Мелким он, кстати, уже не был тогда, вытянулся здорово за последний год. Тощим оставался по-прежнему – острые ключицы выпирали со страшной силой, запястья, обмотанные цветным шнурком, были по-девчоночьи тонкими. Но всё же кое-какой мышечный рельеф появился, не зря они с Тигрой за компанию с решившимся похудеть Климом походили в качалку – не самый шикарный, но единственный в Славске тренажёрный зал, где школьникам и студентам делали скидку на абонемент. Ну, ещё и волосы отросли до лопаток, связывал их резинкой в хвост, чтобы не мешали. Лицо же осталось прежним: с фотографии на экране телефона, который подсунул ему под нос незнакомец, смотрел обиженный на весь мир мальчишка – ушастый, большеглазый, с пухлыми губами.

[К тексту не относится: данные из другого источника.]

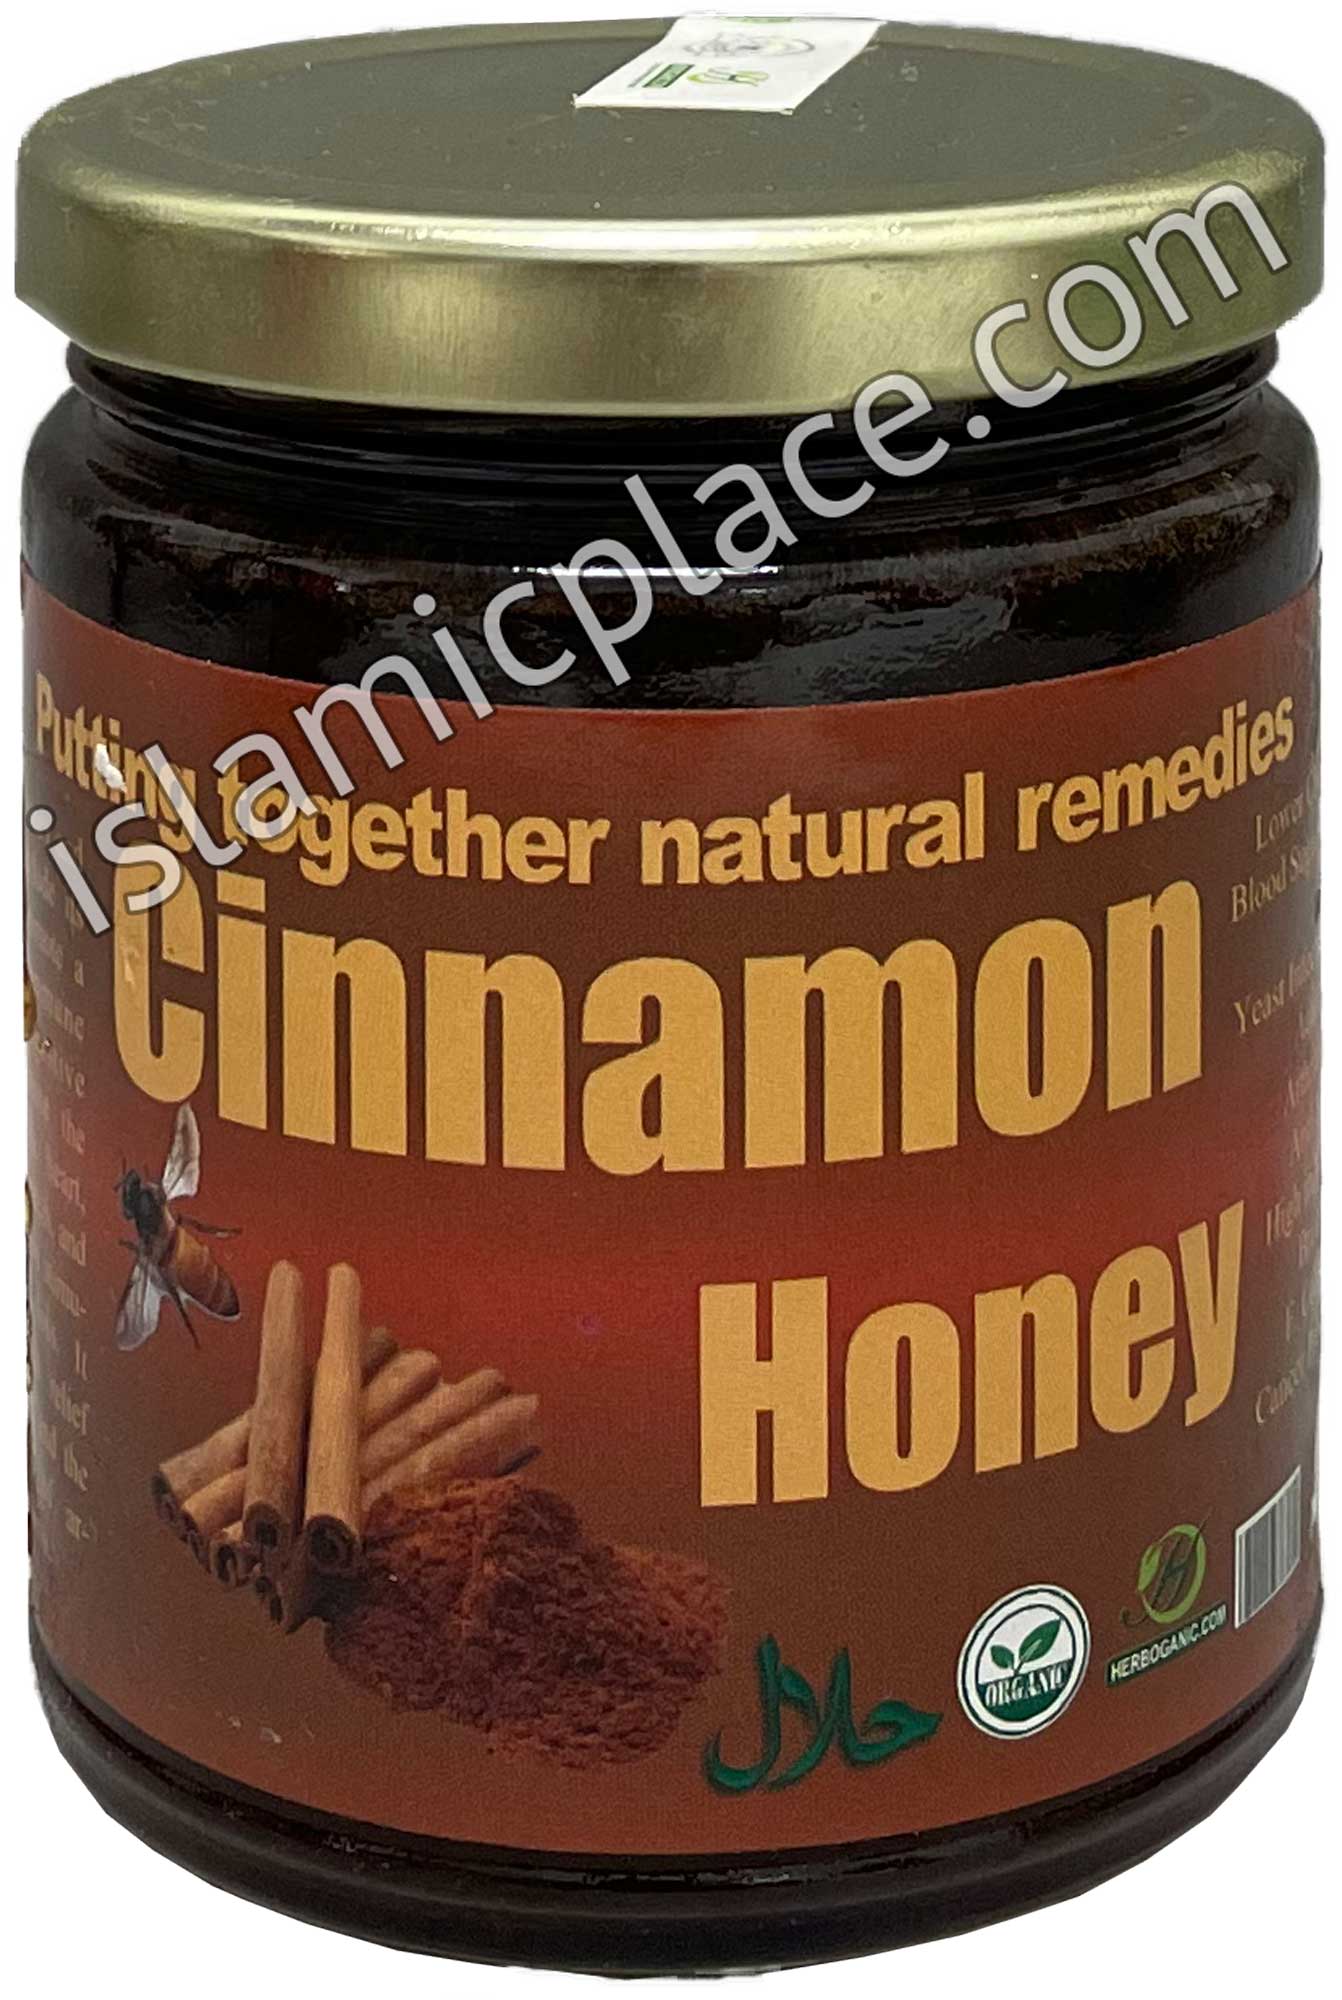 Organic Honey with Cinnamon

– Поехали! – приказал Юрочка. То есть тогда ещё не Юрочка, ещё для Алёшки никто, но уже понятно было, что слушаться эту злую няшу надо беспрекословно, иначе можно и огрести серьёзных люлей. Пошёл за ним, сел в машину. Тигре не позвонил, хотя знал, что тот будет волноваться. Отключил телефон. Наплевать, объяснит потом как-нибудь.
Приехали – куда-то далеко за город, в дачный посёлок. В грузном краснолицем человеке, которого Юрочка за глаза называл боссом, Алёшка узнал один из своих детдомовских полузабытых кошмаров. И понял, что влетел по-крупному.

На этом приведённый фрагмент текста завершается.